また、電気分解の電流密度が大きくなることにより、ポリアニオン性水溶性多糖類の堆積量が増加するため、目的の堆積量を得るために電流密度を適宜調製することができる。例えば、通常0.1〜100mA/cm2であり、好ましくは0.1〜20mA/cm2である。ポリアニオン性水溶性多糖類堆積物の厚さとしては、好ましくは0.05mm〜5cm、より好ましくは0.1mm〜1cm、最も好ましくは、0.2mm〜5mmである。
【0037】
ポリアニオン性水溶性多糖類の溶液中の濃度は、特に限定されるものではないが、好ましくは0.01〜5%であり、より好ましくは0.01〜3%であり、最も好ましくは、0.1〜3%である。
【0038】
本発明の製造方法に用いることのできるポリアニオン性水溶性多糖類としては、前記酸化物による不動態被膜に結合することのできるものであり、例えばアルギン酸塩、ゲラン、ゲランガム、キサンタンキトサン、及びカラゲナンを挙げることができるが、特にはカルボキシル基を有するものが好ましく、例えばアルギン酸塩を挙げることができる。前記アルギン酸塩としては、アルギン酸ナトリウム、アルギン酸カリウム、アルギン酸アンモニウム、又はアルギン酸カルシウム、を挙げることができるが、特にはアルギン酸ナトリウムが好ましい。

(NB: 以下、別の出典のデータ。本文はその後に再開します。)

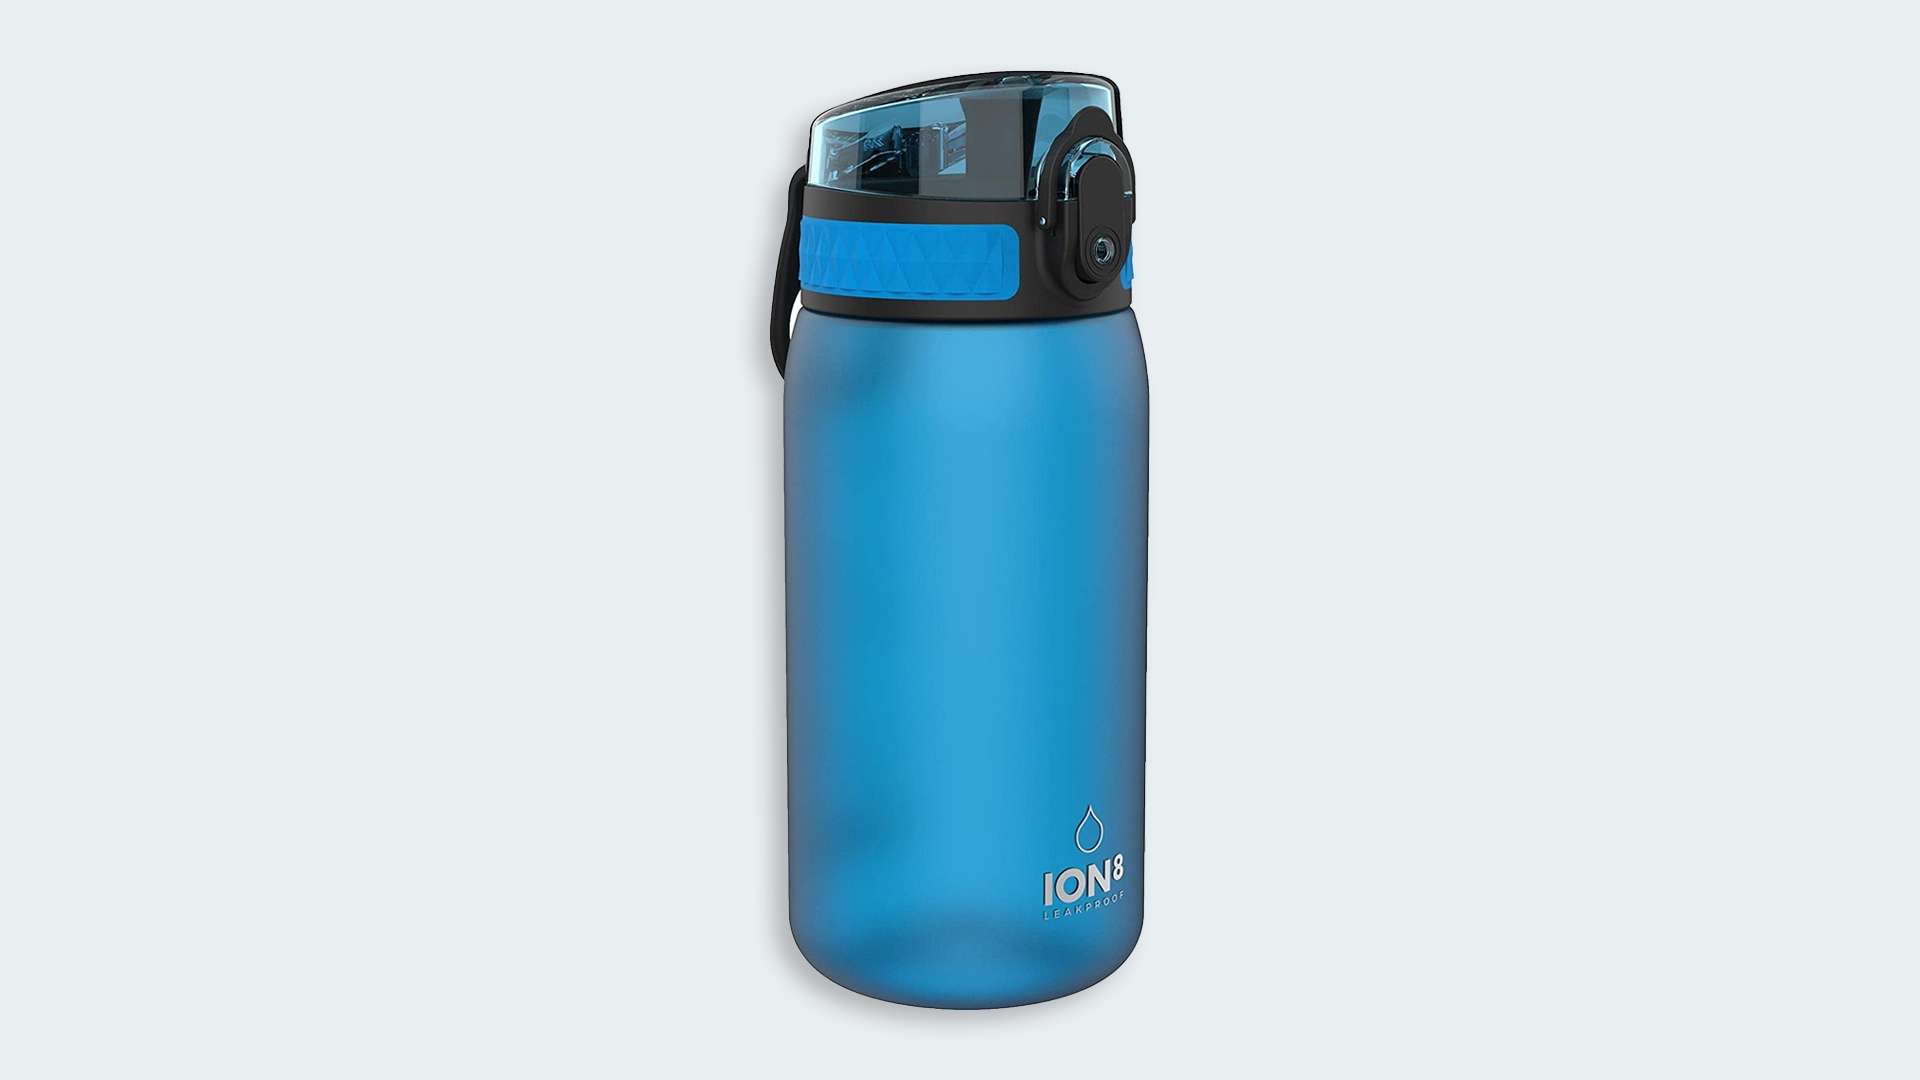 Ion8 leak proof kids' water bottle

アルギン酸塩は、その分子内にカルボキシル基を有しており、後述のように、カルボキシル基を有していることにより、酸化物による不動態被膜との強固な結合を形成することが可能であり、またアルギン酸塩自体のゲル化にも有利であると考えられる。更に、ポリアニオン性の水溶性多糖類のうちでも、アルギン酸塩は、カルシウムなどの金属イオンで架橋し、ゲル化することが可能であり、架橋することにより、通電により電極の温度が上昇しても溶解することがない。
アルギン酸は、β−D−マンヌロン酸(Mブロック)、及びそのC−5エピマーであるα−L−グルロン酸(Gブロック)が(1−4)結合した直鎖状のポリマーである。カルボキシル基が脱プロトン化したCOO−が酸化物とイオン結合することにより、導電体と強固な結合を形成する。また、アルギン酸同士は、カルボキシル基(COOH)の水素結合により結合し、ゲル化すると考えられる。
【0039】
前記ポリアニオン性水溶性多糖類を溶解する溶媒としては、例えば、アセトン若しくはエチルメチルケトンなどのケトン類、エタノール若しくはメタノールなどのアルコール類、又は水、あるいはそれらの混合物を挙げることができるが、特には水にポリアニオン性水溶性多糖類を溶解した水溶液が好ましい。
【0040】
本発明のイオントフォレシス用電極の製造方法は、前記のポリアニオン性水溶性多糖類の堆積工程に加えて、導電体に堆積したポリアニオン性水溶性多糖類を、金属イオンを用いて架橋する工程を含むことができる。すなわち、前記製造方法は、(a)正極に接続した、酸化物の不動態被膜を形成することのできる導電体を、ポリアニオン性水溶性多糖類を含む溶液に浸漬させ、そして電解することにより、導電体にポリアニオン性水溶性多糖類を堆積する工程、及び(b)前記導電体に堆積したポリアニオン性水溶性多糖類を、金属イオンを用いて架橋する工程、を含むことができる。前記架橋工程(b)により、ポリアニオン性水溶性多糖類を、更に強固にゲル化することができる。
【0041】
前記架橋工程(b)においては、導電体に堆積したポリアニオン性水溶性多糖を、金属イオンを用いて架橋する。金属イオンとしては、2価のカチオンが好ましく、例えばCa++を用いることができる。アルギン酸はβ−D−マンヌロン酸(Mブロック)、及びそのC−5エピマーであるα−L−グルロン酸(Gブロック)が(1−4)結合した直鎖状のポリマーであり、6残基以上からなるGブロックが二価カチオン(例えば、Ca++)と安定な複合体を形成し、3次元のゲルを形成することができる。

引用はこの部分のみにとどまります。